Второй зал можно было бы назвать «художественным», сотни и сотни прекрасных картин, статуй, барельефов, фресок, мозаик и статуэток из камня, дерева, стекла и огромных, цельных, драгоценных и полудрагоценных камней. Среди этой «выставки» можно ходить часами, сутками и ежеминутно находить что-то новое и еще более прекрасное, чем предыдущие находки. Признаюсь, никогда не считал себя знатоком и ценителем «изящного искусства», но и я был поражен и заворожен. Спасибо «прививке», полученной много ранее, когда я бродил в интернете и виртуально посещал самые лучшие музеи и картинные галереи мира Земли, насмотревшись на творения гениальных художников и скульпторов, глядя на которые даже не верилось, что подобное чудо вышло из рук простого человека, не бога, не ангела или демона, а человека.

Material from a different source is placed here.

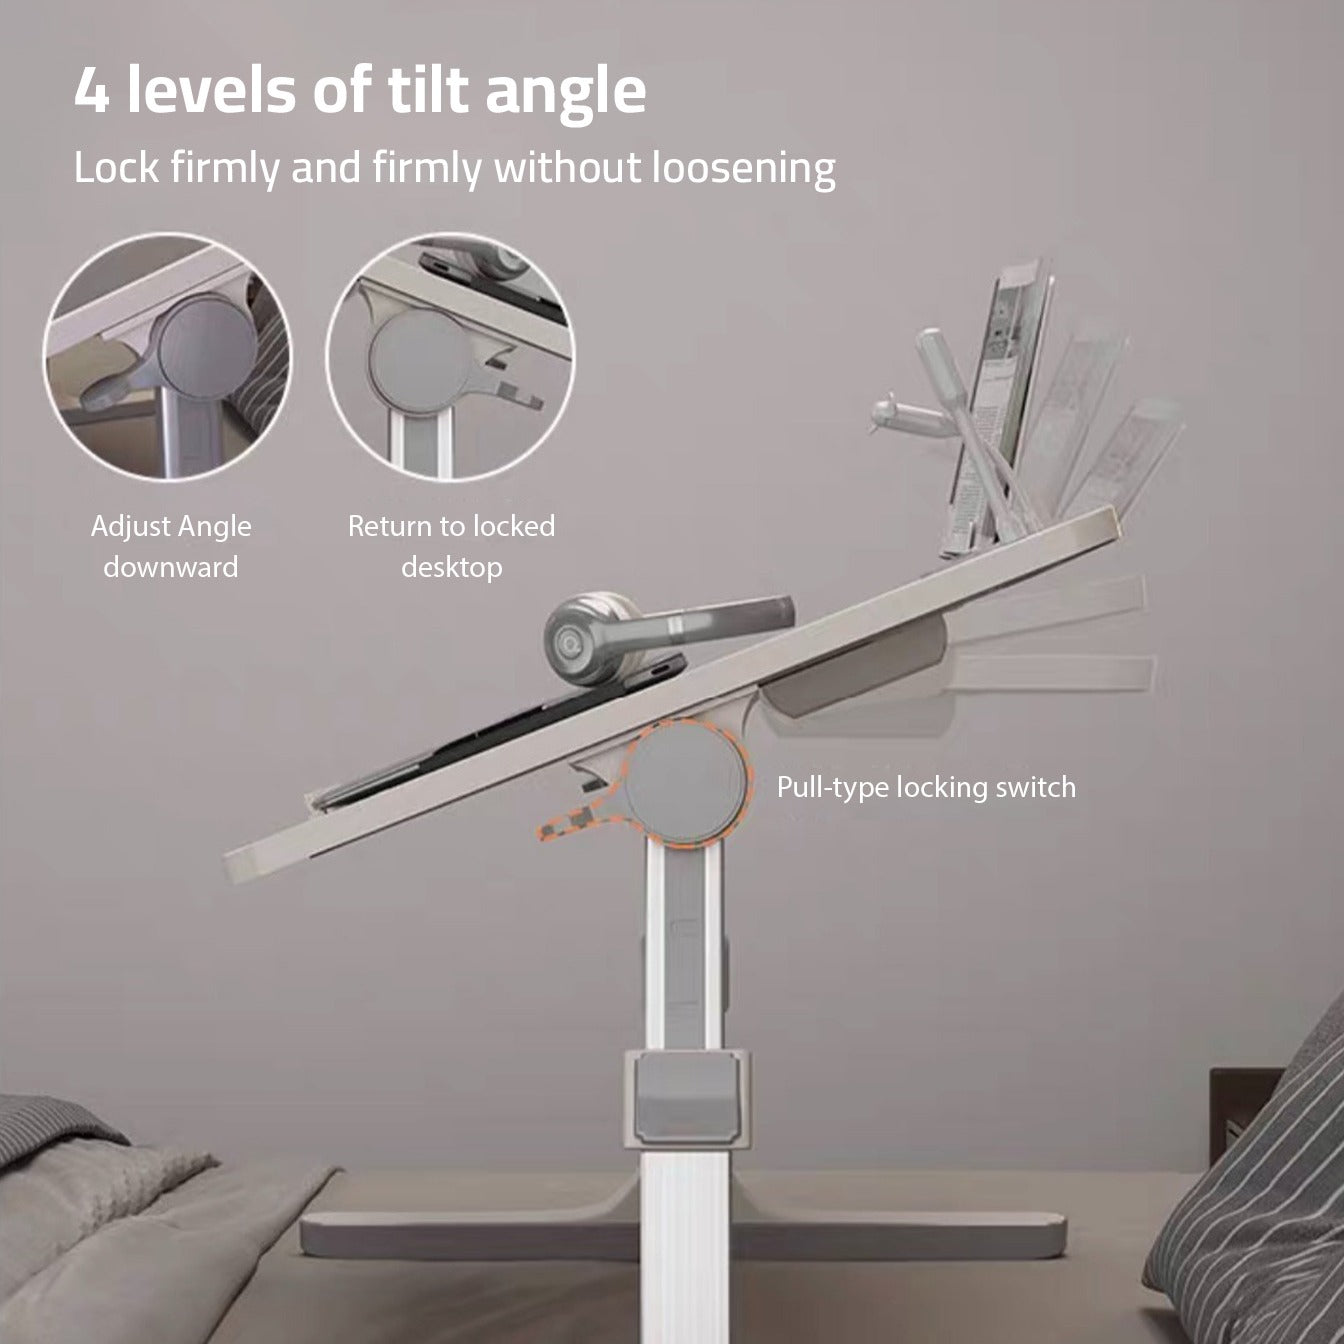 A laptop stand with 4 levels of tilt angle. Adjustable Bed Laptop Table - Foldable Lifting Desk for various tasks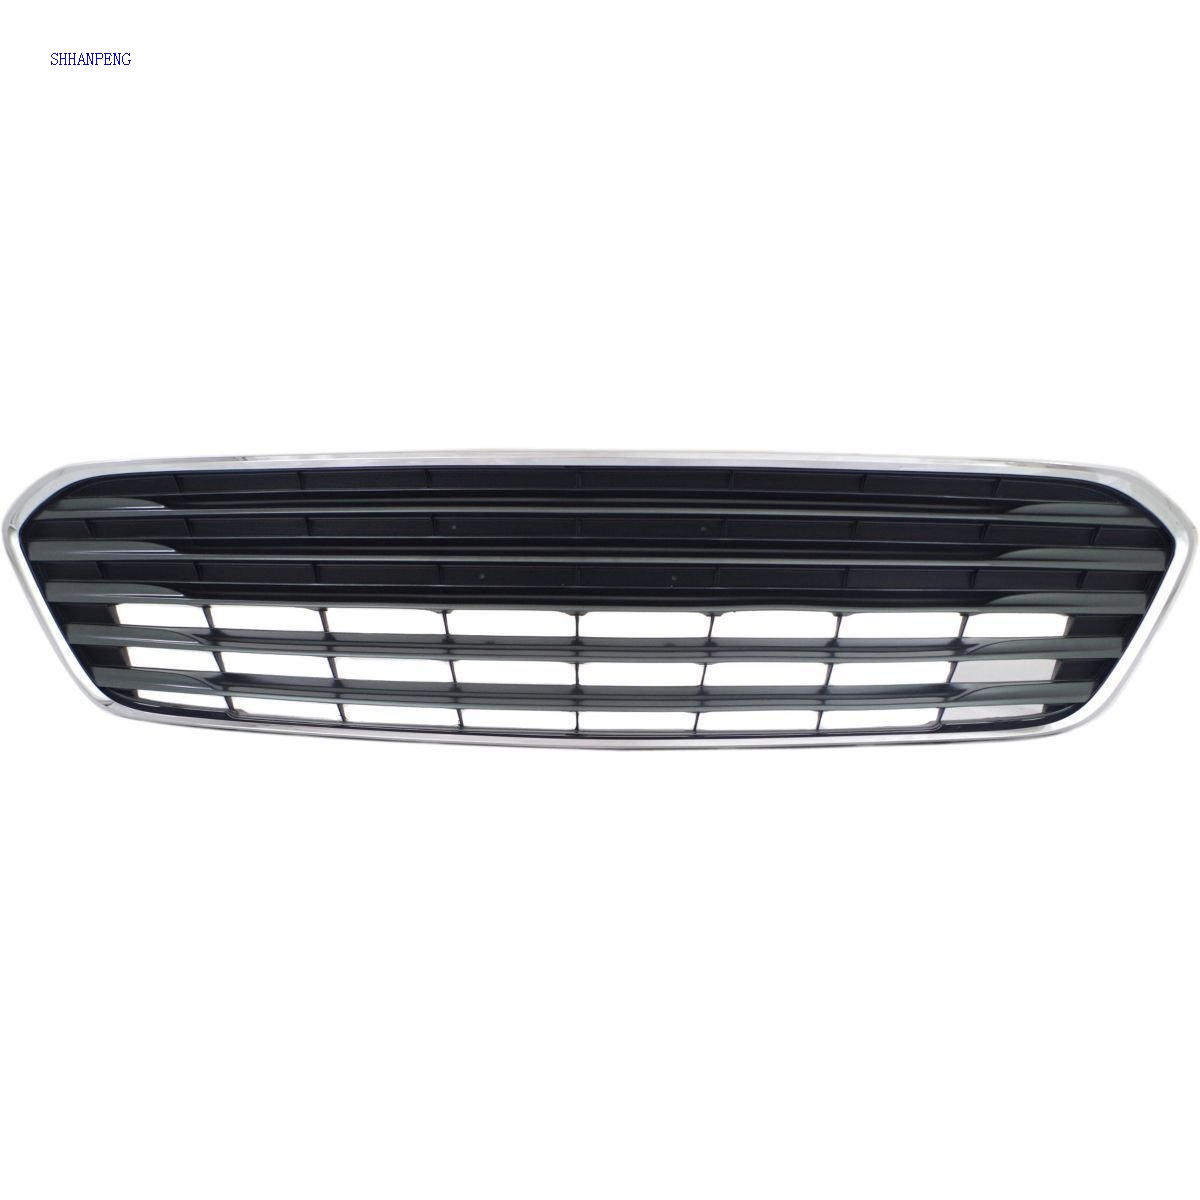 Grille Grill Bumper Assembly CHROME With SILVER Insert For Toyota Avalon TO1036146

Третий зал был заставлен сундуками, мешками, сундучками и шкатулками. И в каждой такой вот таре монеты. Из золота и серебра, из алюминия и платины, меди и бронзы, из какого-то черного, словно южная ночь, металла, и металла, отдающего небесной голубизной. На мой взгляд, это был самый бесполезный зал, даже несмотря на его груды драгоценных и не очень металлов. Судя по расположению этого зала, и создатели этого «храма желаний» ценили все эти деньги немногим больше, чем я.
Следующий зал я бы назвал вариацией предыдущего, разве что место металлов заняли камни — россыпи изумрудов, рубинов, сапфиров и алмазов, каких-то совсем незнакомых камней, я назвал их радужными, из-за того, что определить их истинный цвет было просто невозможно, они словно бы пульсировали, постоянно меняя окраску, были и другие, знакомые мне и незнакомые, драгоценные, полудрагоценные и вообще какие-то булыжники.